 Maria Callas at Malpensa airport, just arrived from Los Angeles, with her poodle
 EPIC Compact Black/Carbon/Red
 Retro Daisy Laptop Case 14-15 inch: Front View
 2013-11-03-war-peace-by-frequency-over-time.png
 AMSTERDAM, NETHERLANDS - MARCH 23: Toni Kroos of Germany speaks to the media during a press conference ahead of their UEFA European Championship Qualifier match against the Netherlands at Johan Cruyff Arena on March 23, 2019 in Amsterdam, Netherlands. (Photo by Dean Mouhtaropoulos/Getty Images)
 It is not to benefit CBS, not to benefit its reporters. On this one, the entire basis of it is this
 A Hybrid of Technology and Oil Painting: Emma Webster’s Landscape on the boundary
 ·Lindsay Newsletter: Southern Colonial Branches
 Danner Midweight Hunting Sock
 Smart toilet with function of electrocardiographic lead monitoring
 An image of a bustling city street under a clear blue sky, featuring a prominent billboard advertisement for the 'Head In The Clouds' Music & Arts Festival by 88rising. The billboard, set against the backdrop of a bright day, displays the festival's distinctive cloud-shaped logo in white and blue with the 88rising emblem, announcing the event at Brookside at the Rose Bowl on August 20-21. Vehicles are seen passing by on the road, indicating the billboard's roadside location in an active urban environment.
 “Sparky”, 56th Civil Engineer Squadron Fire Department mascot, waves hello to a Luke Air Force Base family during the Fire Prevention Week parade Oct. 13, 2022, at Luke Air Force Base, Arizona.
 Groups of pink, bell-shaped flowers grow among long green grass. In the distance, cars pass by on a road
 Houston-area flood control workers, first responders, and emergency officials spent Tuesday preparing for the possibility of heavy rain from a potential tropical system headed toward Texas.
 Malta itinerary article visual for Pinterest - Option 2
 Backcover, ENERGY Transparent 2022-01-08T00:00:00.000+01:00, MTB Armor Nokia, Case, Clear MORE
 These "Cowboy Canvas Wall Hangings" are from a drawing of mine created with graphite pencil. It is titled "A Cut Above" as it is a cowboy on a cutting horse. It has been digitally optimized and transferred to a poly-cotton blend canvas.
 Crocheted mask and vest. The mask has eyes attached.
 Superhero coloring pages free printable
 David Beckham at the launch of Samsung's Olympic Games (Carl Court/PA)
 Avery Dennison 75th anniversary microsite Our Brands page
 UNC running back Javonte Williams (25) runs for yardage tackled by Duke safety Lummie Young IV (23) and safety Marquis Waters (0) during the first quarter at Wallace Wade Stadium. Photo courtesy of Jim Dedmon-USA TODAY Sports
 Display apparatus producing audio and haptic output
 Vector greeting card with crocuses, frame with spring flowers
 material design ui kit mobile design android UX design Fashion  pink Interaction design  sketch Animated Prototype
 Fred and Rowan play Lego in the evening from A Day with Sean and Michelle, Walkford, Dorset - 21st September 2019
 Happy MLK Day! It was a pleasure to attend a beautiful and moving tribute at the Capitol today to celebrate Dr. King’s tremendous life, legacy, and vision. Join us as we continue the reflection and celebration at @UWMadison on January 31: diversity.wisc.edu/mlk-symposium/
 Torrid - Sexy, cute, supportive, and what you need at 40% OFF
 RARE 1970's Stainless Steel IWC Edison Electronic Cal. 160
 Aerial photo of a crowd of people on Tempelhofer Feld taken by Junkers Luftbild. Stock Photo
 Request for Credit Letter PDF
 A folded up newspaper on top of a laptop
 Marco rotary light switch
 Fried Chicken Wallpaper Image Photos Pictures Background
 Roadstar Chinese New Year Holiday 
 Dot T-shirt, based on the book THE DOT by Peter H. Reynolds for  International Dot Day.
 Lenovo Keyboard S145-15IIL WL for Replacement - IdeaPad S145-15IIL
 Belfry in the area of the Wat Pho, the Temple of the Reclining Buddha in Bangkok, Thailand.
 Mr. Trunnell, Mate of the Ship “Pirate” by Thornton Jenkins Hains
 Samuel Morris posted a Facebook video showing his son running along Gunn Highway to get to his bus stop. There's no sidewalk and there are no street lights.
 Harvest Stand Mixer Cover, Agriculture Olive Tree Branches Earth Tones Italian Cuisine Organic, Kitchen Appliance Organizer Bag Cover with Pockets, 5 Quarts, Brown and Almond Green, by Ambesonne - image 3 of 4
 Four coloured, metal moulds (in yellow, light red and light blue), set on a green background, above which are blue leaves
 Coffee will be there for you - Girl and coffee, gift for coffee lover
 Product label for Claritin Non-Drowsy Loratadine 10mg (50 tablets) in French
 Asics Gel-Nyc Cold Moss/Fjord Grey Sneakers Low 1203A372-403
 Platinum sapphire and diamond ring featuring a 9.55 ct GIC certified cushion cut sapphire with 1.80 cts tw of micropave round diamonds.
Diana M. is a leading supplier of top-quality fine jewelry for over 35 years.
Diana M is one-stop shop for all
# # #
Reproduce, character for character, only the lines of the preceding data that start at the line with "Groups of pink, bell-shaped" and end at the line with "Backcover, ENERGY Transparent", both included.

=== COMPLETED EXERCISE ===
 Groups of pink, bell-shaped flowers grow among long green grass. In the distance, cars pass by on a road
 Houston-area flood control workers, first responders, and emergency officials spent Tuesday preparing for the possibility of heavy rain from a potential tropical system headed toward Texas.
 Malta itinerary article visual for Pinterest - Option 2
 Backcover, ENERGY Transparent 2022-01-08T00:00:00.000+01:00, MTB Armor Nokia, Case, Clear MORE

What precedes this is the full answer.